ACTIVITY:
Repeat the listing word for word, but skip any pictures.

INFORMATION SHOWN:
== Segment start ==

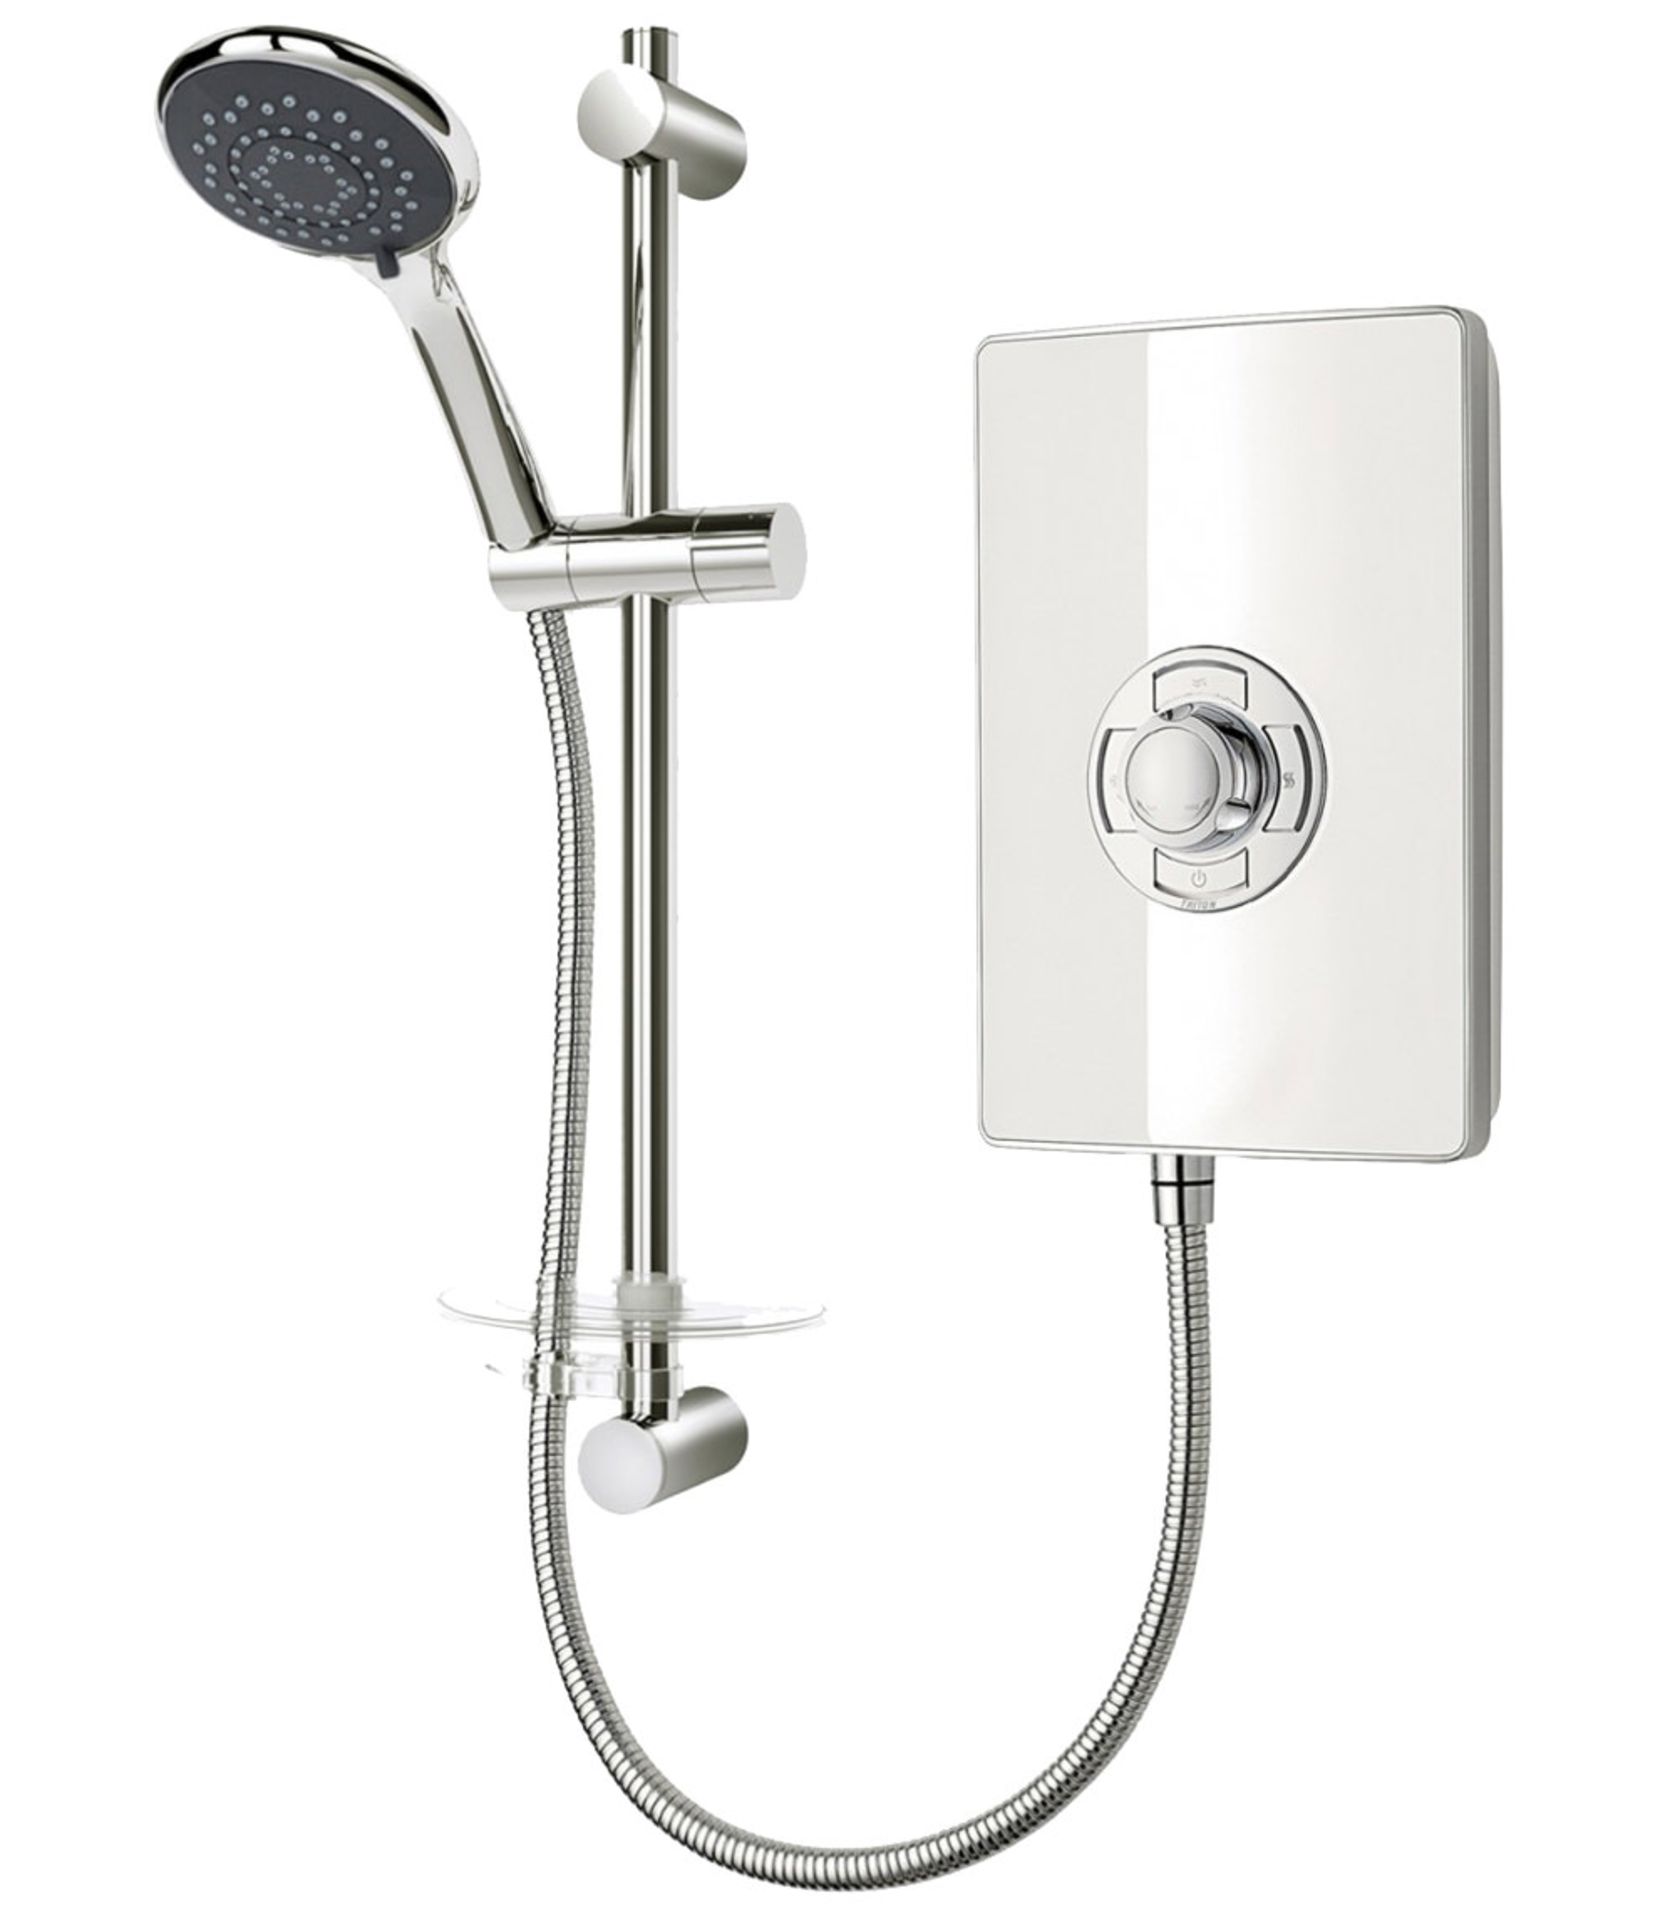 (DW246) Triton Aspirante White Gloss Electric Shower 8.5 KW. RRP £112.99. Create an enduring m...
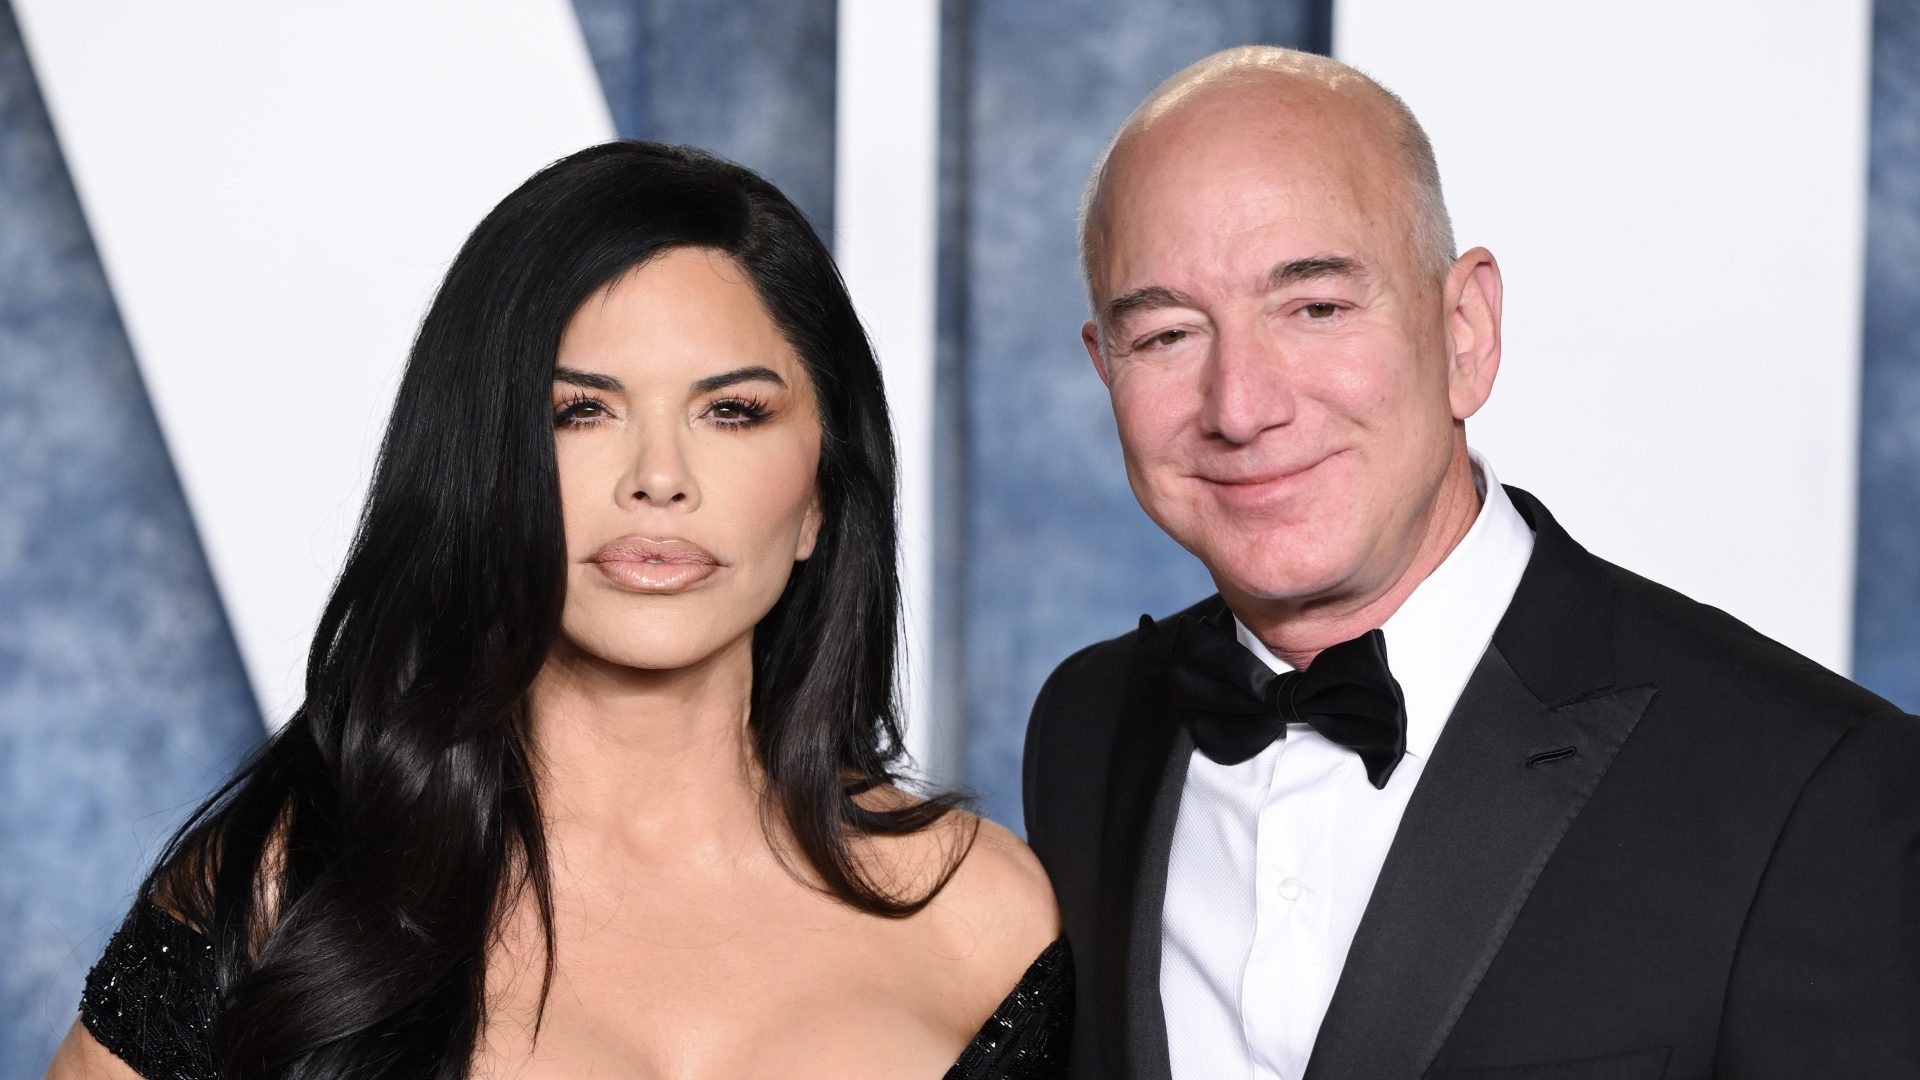 Jeff Bezos Reportedly Engaged To Girlfriend Lauren Sanchez
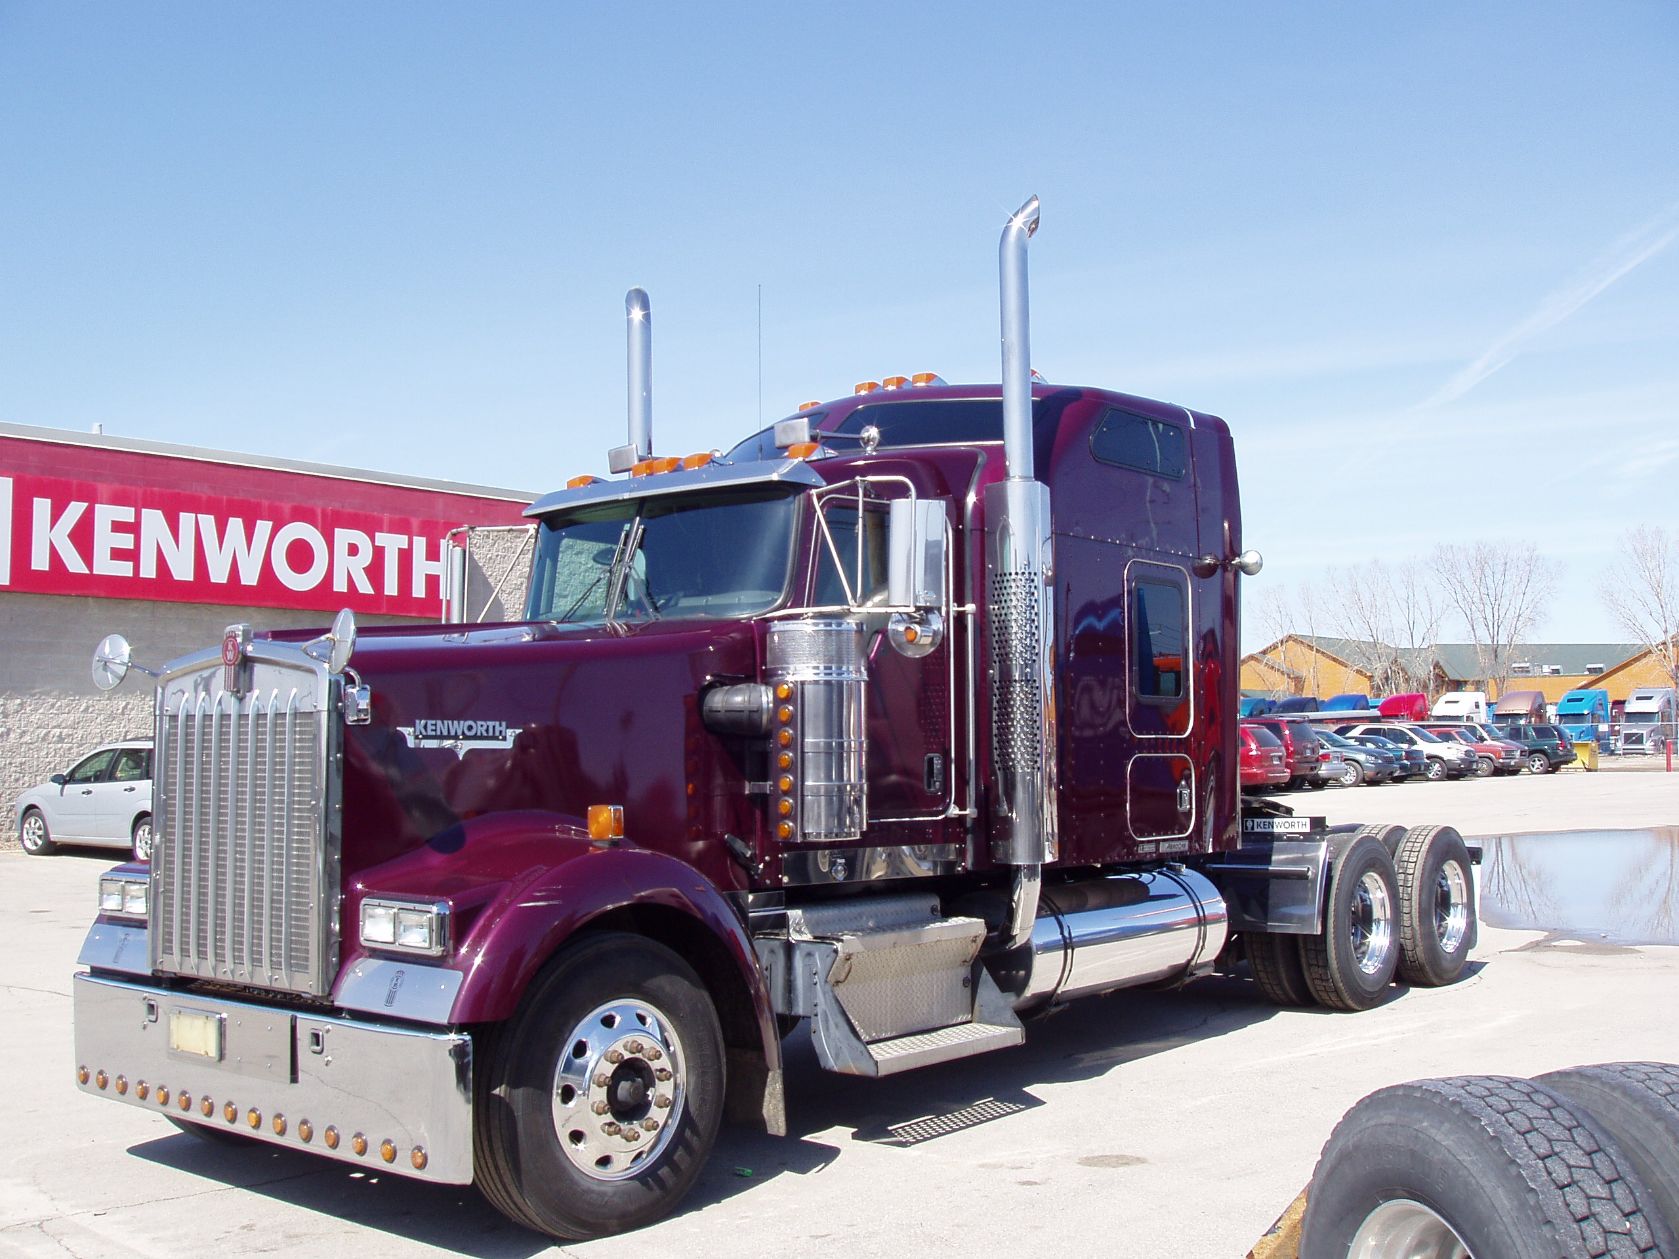 Kenworth renueva sus camiones
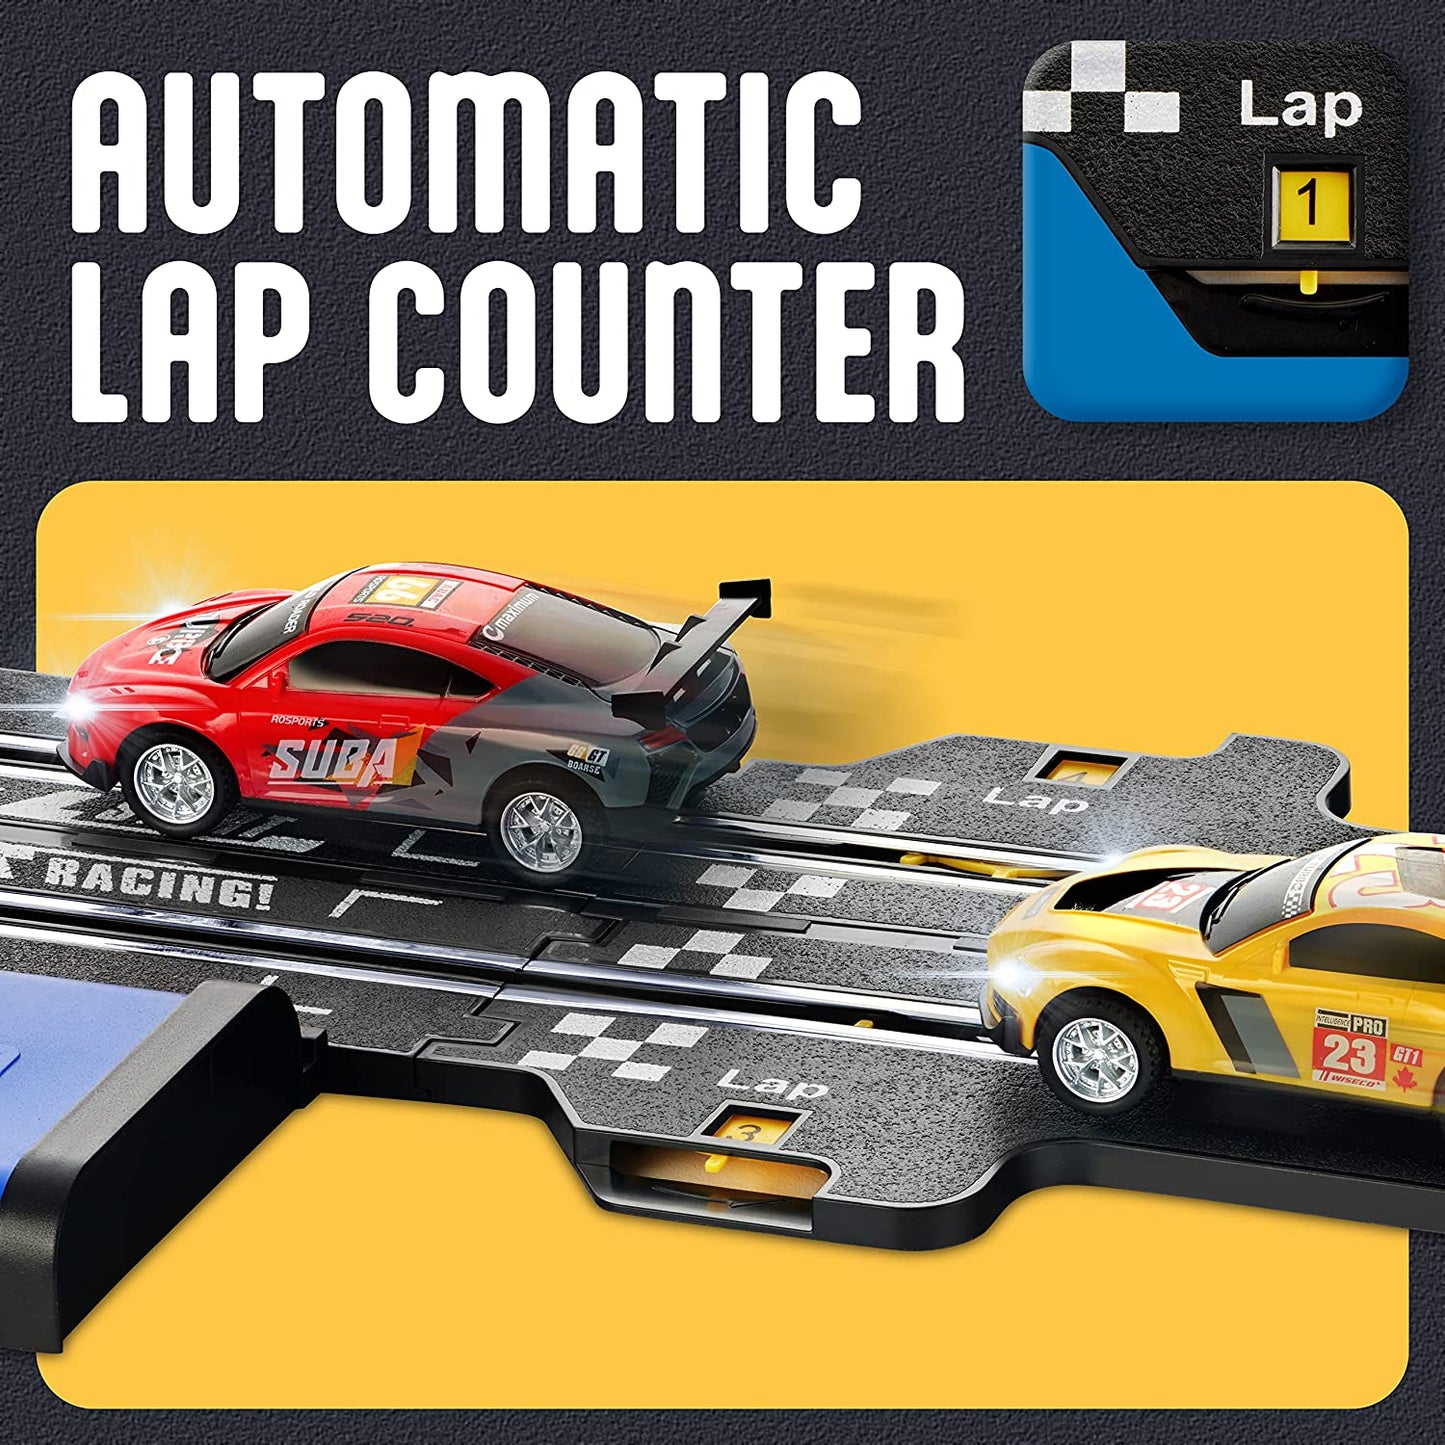 Slot Car Race Track Sets

== Segment end ==

ANSWER SECTION:
 (DW246) Triton Aspirante White Gloss Electric Shower 8.5 KW. RRP £112.99. Create an enduring m...
 Jeff Bezos Reportedly Engaged To Girlfriend Lauren Sanchez
 Kenworth renueva sus camiones
 Slot Car Race Track Sets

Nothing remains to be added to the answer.